Copy a graph_tool.Graph into a new one causes an enormously slowdown
In a program, I have this code snipped:
mapping = graph.new_vp("int64_t", vals=numpy.arange(graph.num_vertices()))
g = Graph(graph, prune=True, vorder=mapping)
graph
is a graph_tool.GraphView
(based on multiple vertex and edge filters).
The whole code can be found here: https://github.com/luhsra/ara/blob/soso/ara/steps/create_abbs.py#L147
When I run the (whole) program, it needs around 2s to execute.

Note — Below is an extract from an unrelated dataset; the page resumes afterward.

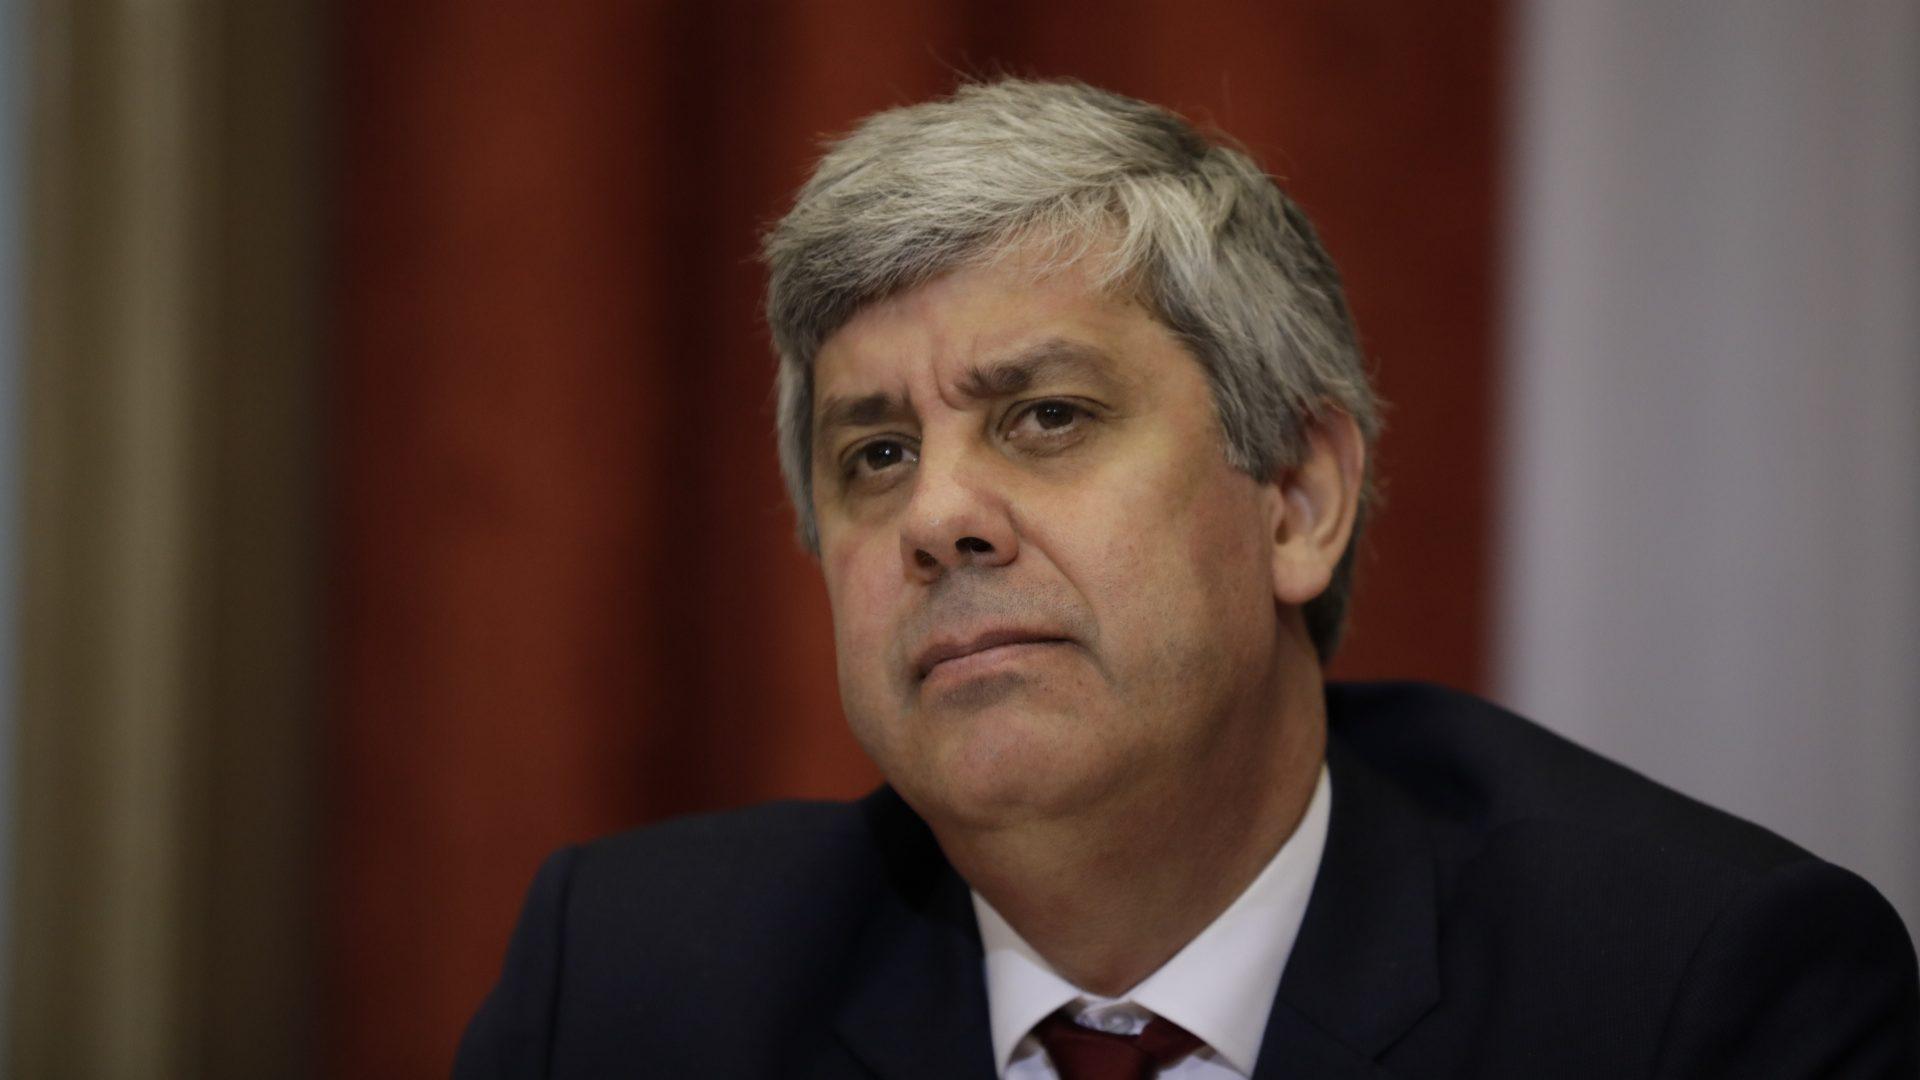 Finanças libertam 430 milhões para Fundo de Resolução injetar no Novo Banco

The program consists at minimum of several thousands of LOC. Now, when I run the program in parallel with a very similar input (especially the mentioned graph
object is equal, I use meson test --suite ...

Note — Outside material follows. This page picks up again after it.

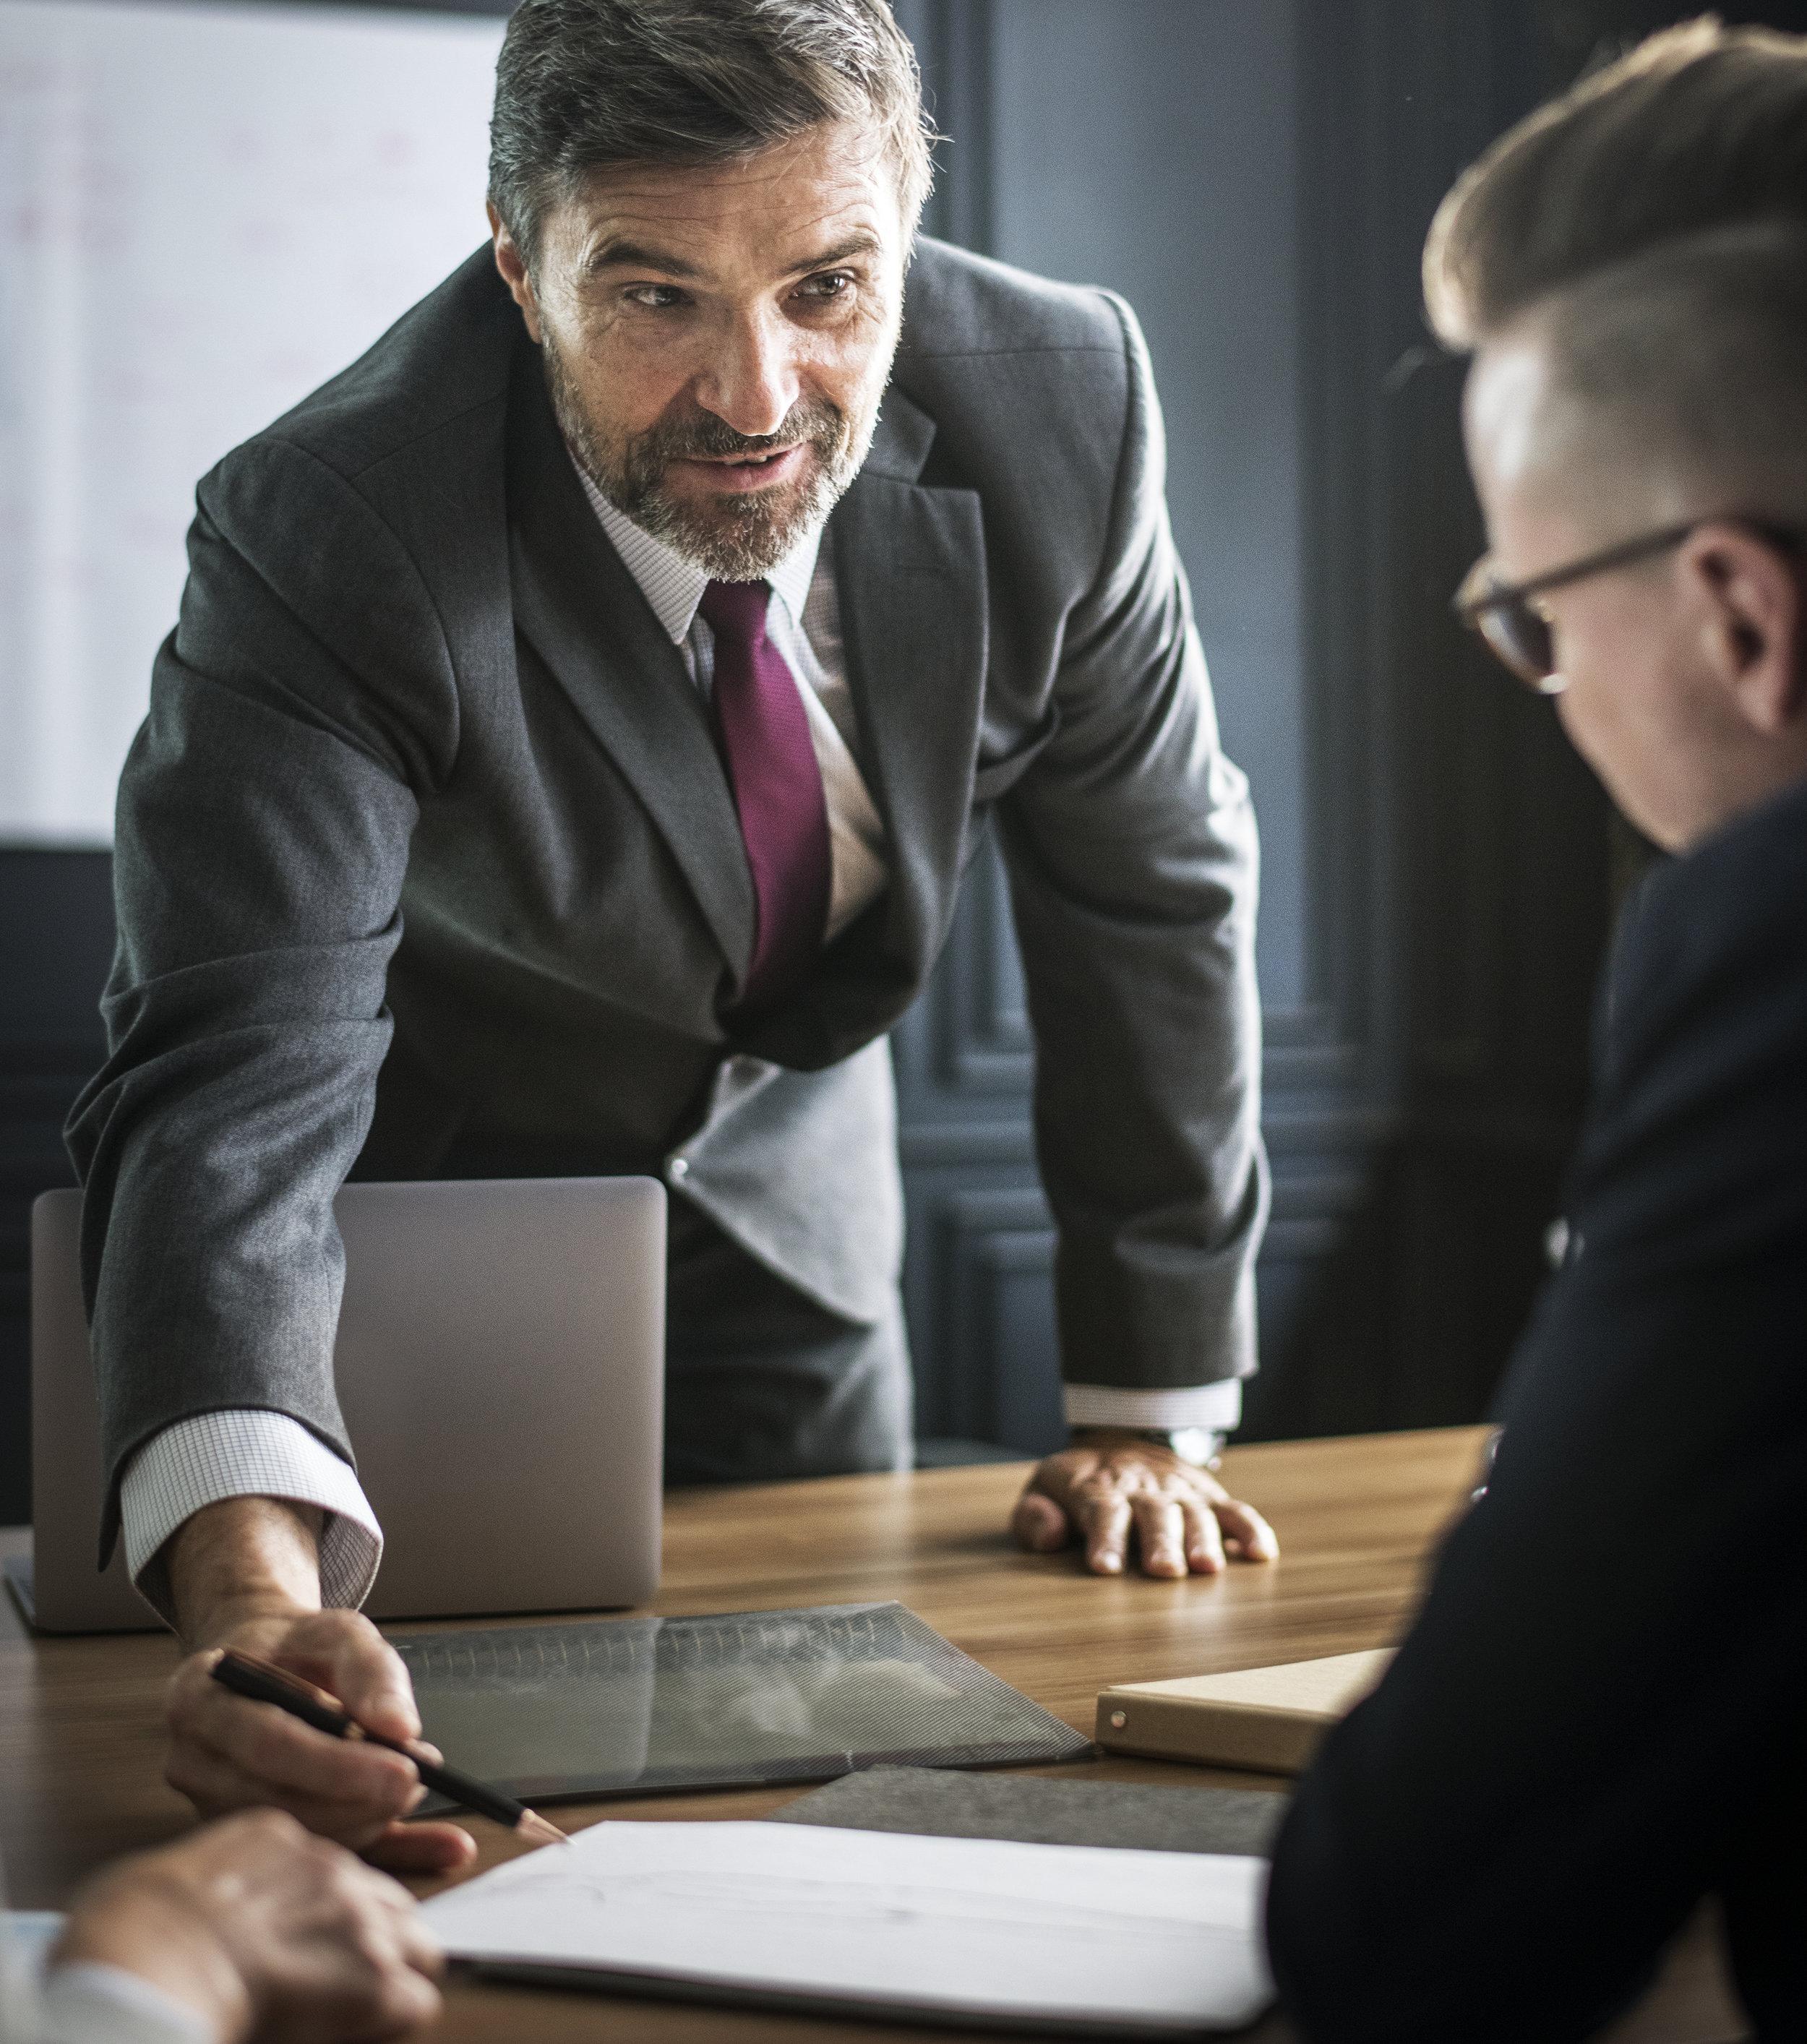 برامج رجال الأعمال - صثمنالثقعهمكلاثقصخلنمكىصثخلنمطىصثقخطلقصثخلاصثضقهلتنمكلاضصهتنللاضصثلتنملاضصثلتنملا

to start the program 3 times in parallel), its runtime increases to ~40s.
After debugging and profiling, I found that replacing the above lines with:
mapping = graph.new_vp("int64_t", vals=numpy.arange(graph.num_vertices()))
g = Graph()
reduces that runtime to ~8s.
The profiler says, that 60-80% of the runtime of the program belongs to the native copy operation in graph-tool/__init__.py
line 1789:
# The actual copying of the graph and property maps
self.__graph = libcore.GraphInterface(gv.__graph, False,
vprops,
eprops,
_prop("v", gv, vorder))
The profiling indicates that a lot of time is used for spinning in libgomp (a part of pthreads of gcc) at gomp_team_barrier_wait_end
and gomp_simple_barrier_wait
, but this happens only when multiple processes are running in parallel.
I have no clue at all, why another process has some interference here (the processes do not communicate!).
Do you have an idea what might be wrong here?